++++ Data

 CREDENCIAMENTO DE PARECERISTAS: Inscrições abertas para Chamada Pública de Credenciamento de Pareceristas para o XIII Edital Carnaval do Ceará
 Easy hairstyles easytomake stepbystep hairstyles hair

++++++++
++++ Data

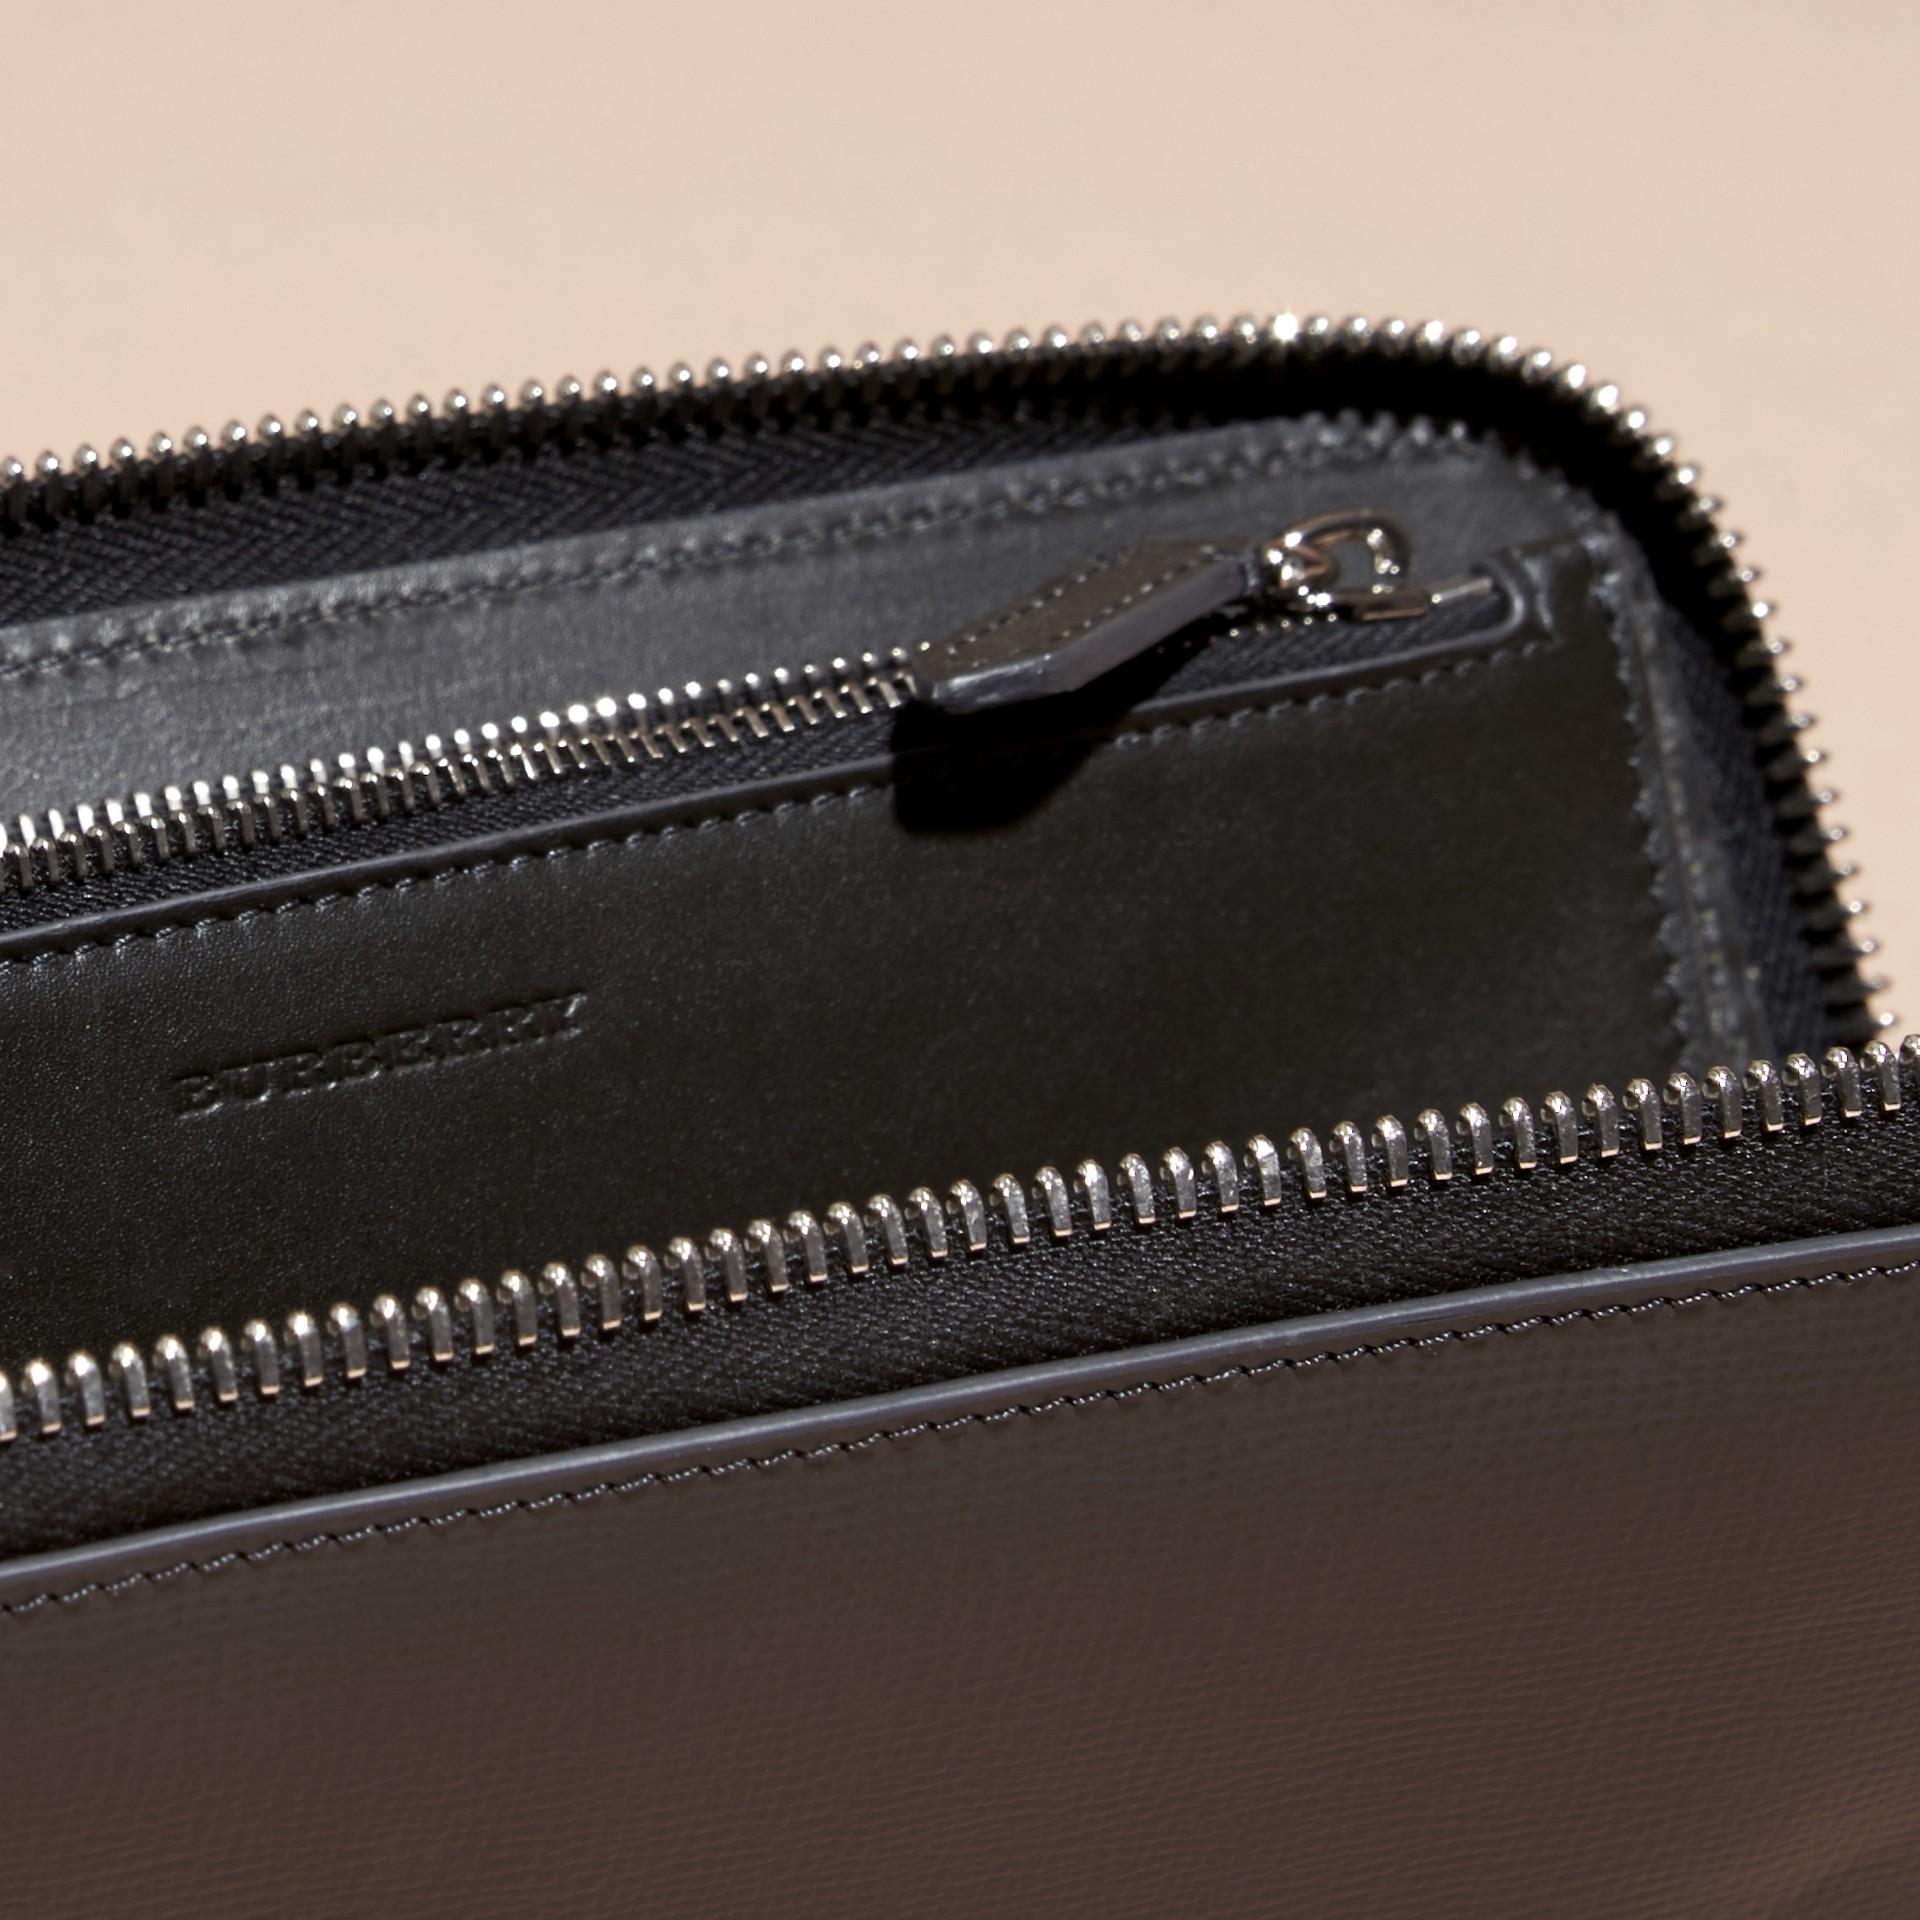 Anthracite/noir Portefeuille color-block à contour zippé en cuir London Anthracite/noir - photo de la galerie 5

++++++++

> **Problem**: Would you quote everything above from the line containing "CREDENCIAMENTO DE PARECERISTAS: Inscrições" down to the line containing "Easy hairstyles easytomake"? Include both of those lines and nothing else.

> **Output of the exercise**:
 CREDENCIAMENTO DE PARECERISTAS: Inscrições abertas para Chamada Pública de Credenciamento de Pareceristas para o XIII Edital Carnaval do Ceará
 Easy hairstyles easytomake stepbystep hairstyles hair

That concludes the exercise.